Estes casos, todavia, adquirem outra intensidade e dramatismo quando as vidas que dão corpo às estatísticas saem da penumbra e irrompem nas iniciativas que evocam o nascimento de Jesus. É uma pequena multidão que interrompe o seu isolamento e se reúne em espaços que oferecem alimento, convívio e presentes. Para muitos, incluindo as crianças, estes encontros serão o seu único Natal.

Música congregou boas vontades

Celebrar o nascimento de Cristo na comunidade escolar, sem esquecer aqueles que mais precisam: este foi o objectivo do 2.º Café-concerto Natal Solidário, que em Bragança reuniu centenas de pessoas em torno da música proporcionada por várias bandas musicais.

A actividade, realizada a 17 de Dezembro no Mercado Municipal, foi organizada pelos professores de Educação Moral e Religiosa Católica da cidade.

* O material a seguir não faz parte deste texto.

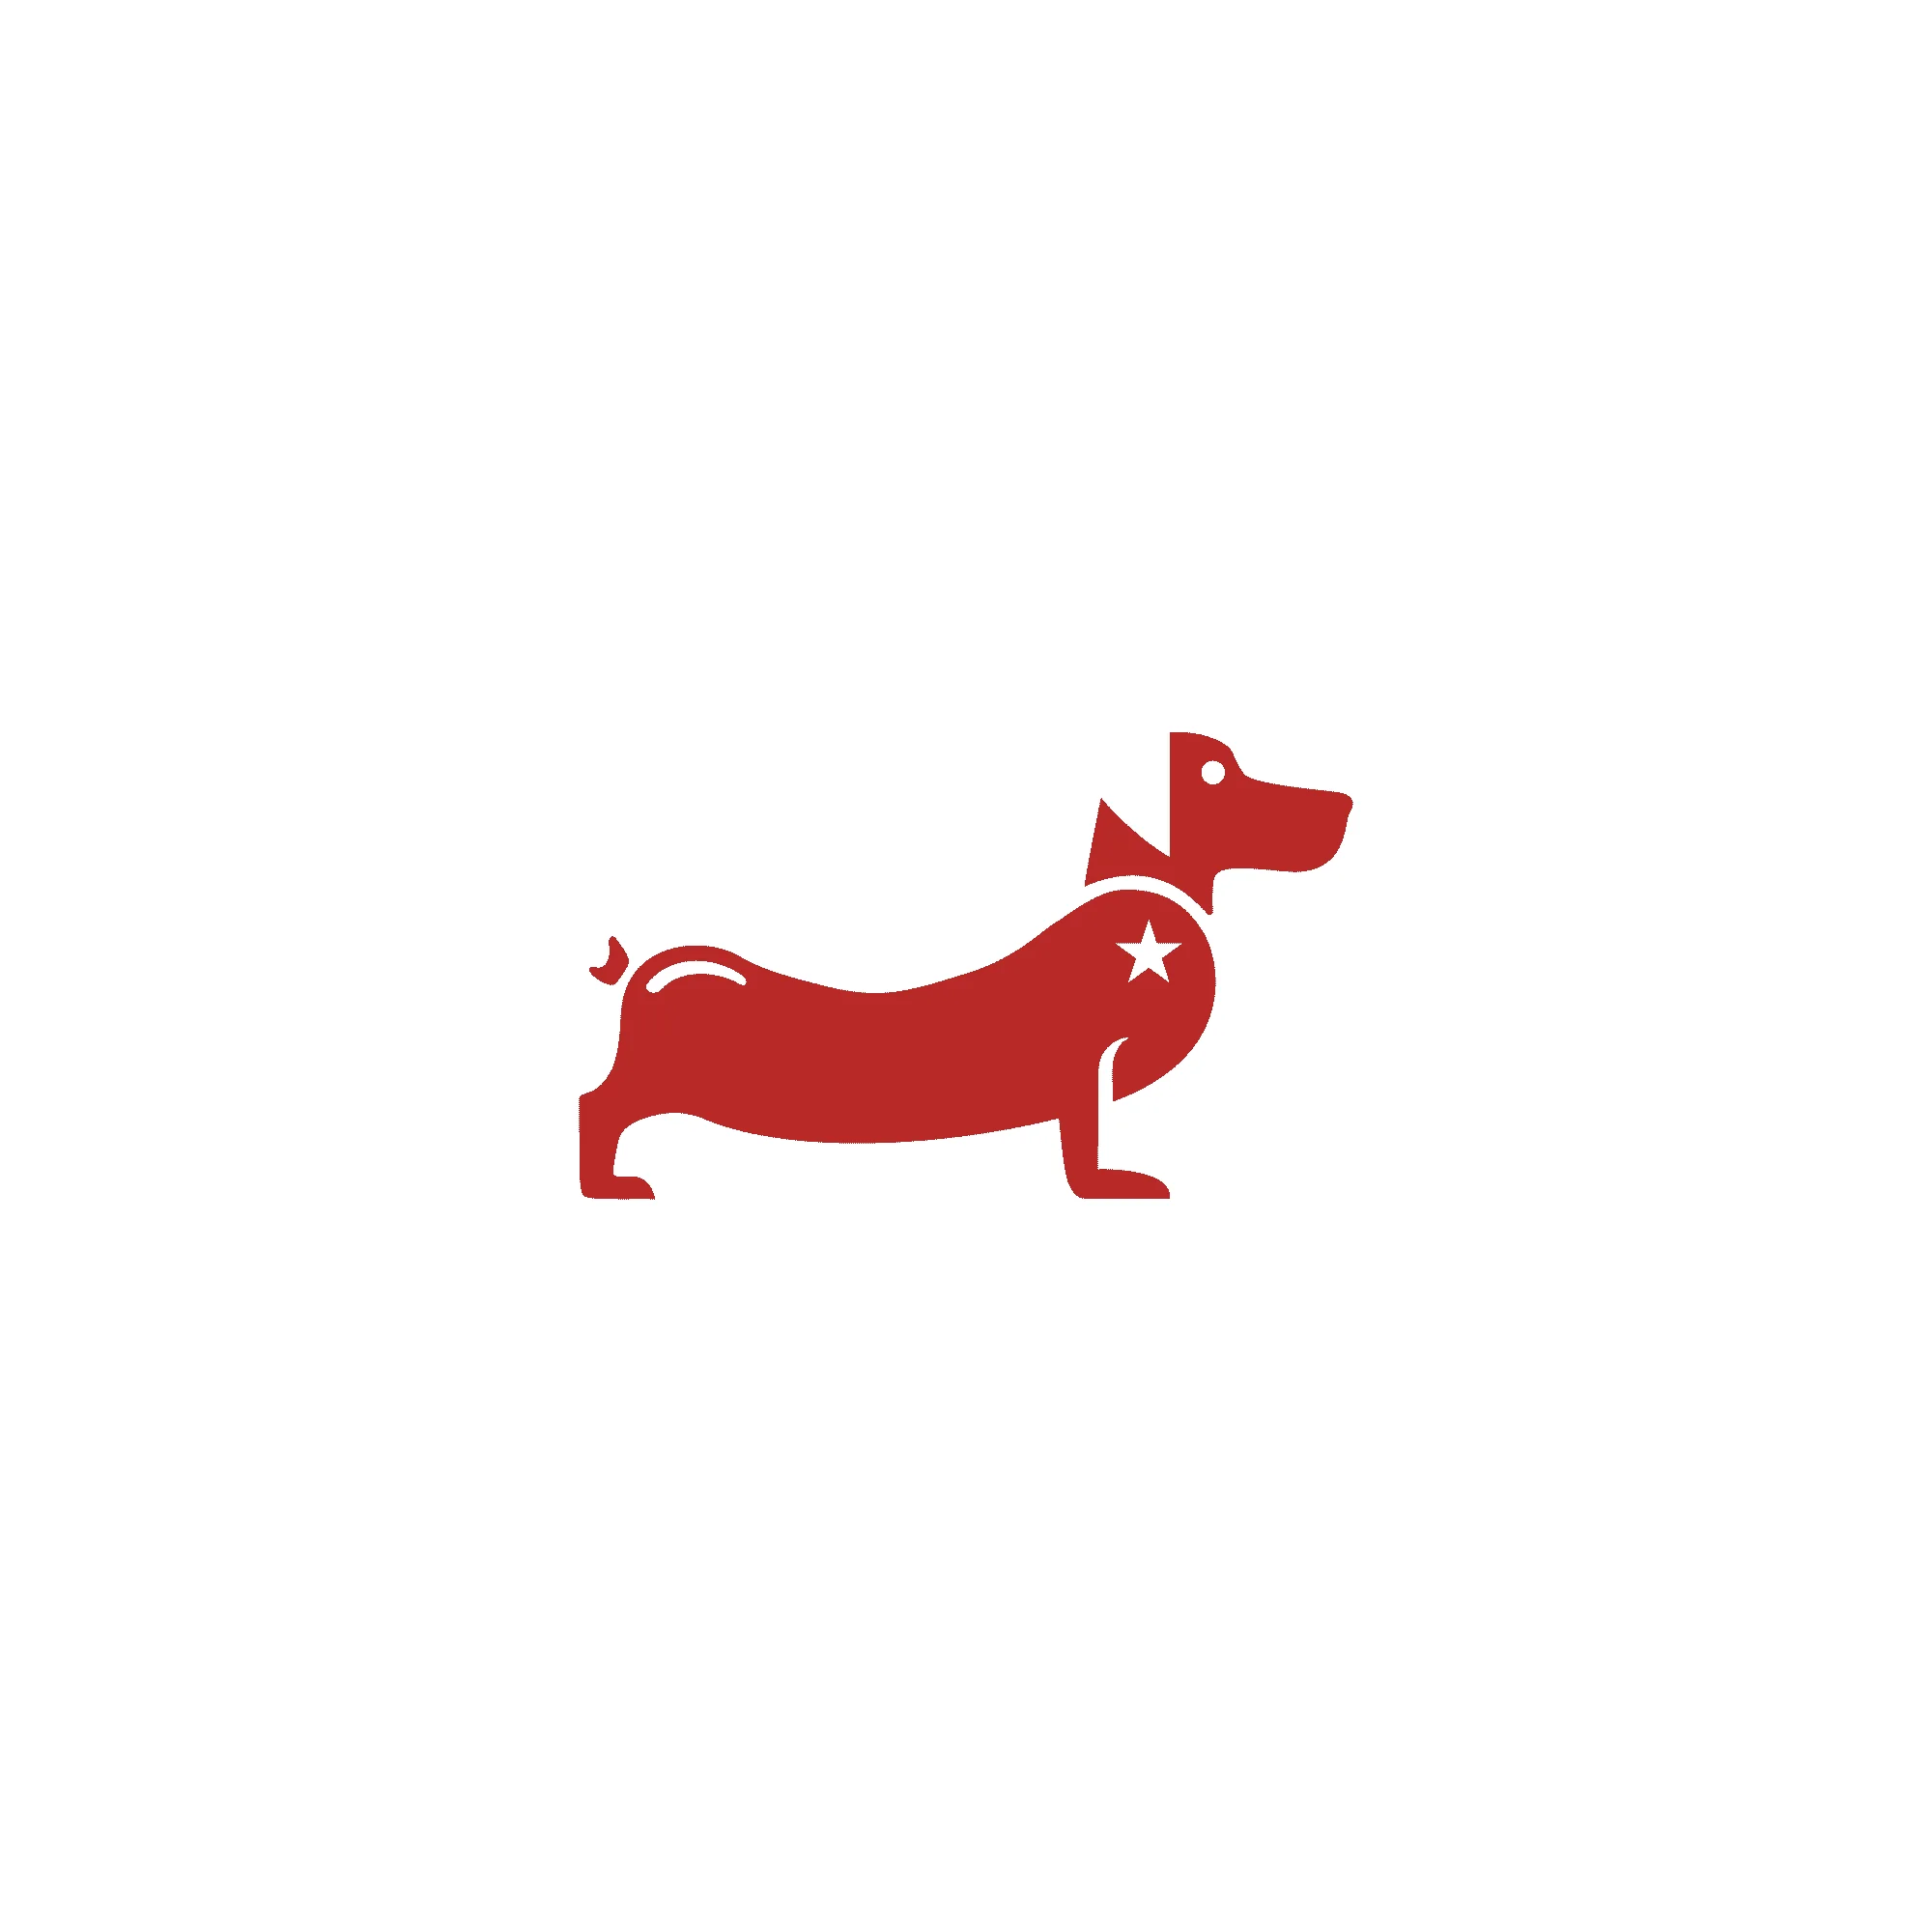 Branding logo design weiner dog as a hotdog, red

Alunos, encarregados de educação, docentes e auxiliares ajudaram as famílias mais carenciadas com a doação de alimentos e brinquedos.

Milagres da multiplicação

De 18 a 20 de Dezembro, a CVP contabilizou mais de 2700 entradas na Festa de Natal que decorreu na cantina da Universidade de Lisboa. É um número que não abrange os pobres que se dirigiram às instalações académicas apenas para levantar roupa. Neste Domingo estiveram 1300 pessoas, mais 200 do que no ano passado.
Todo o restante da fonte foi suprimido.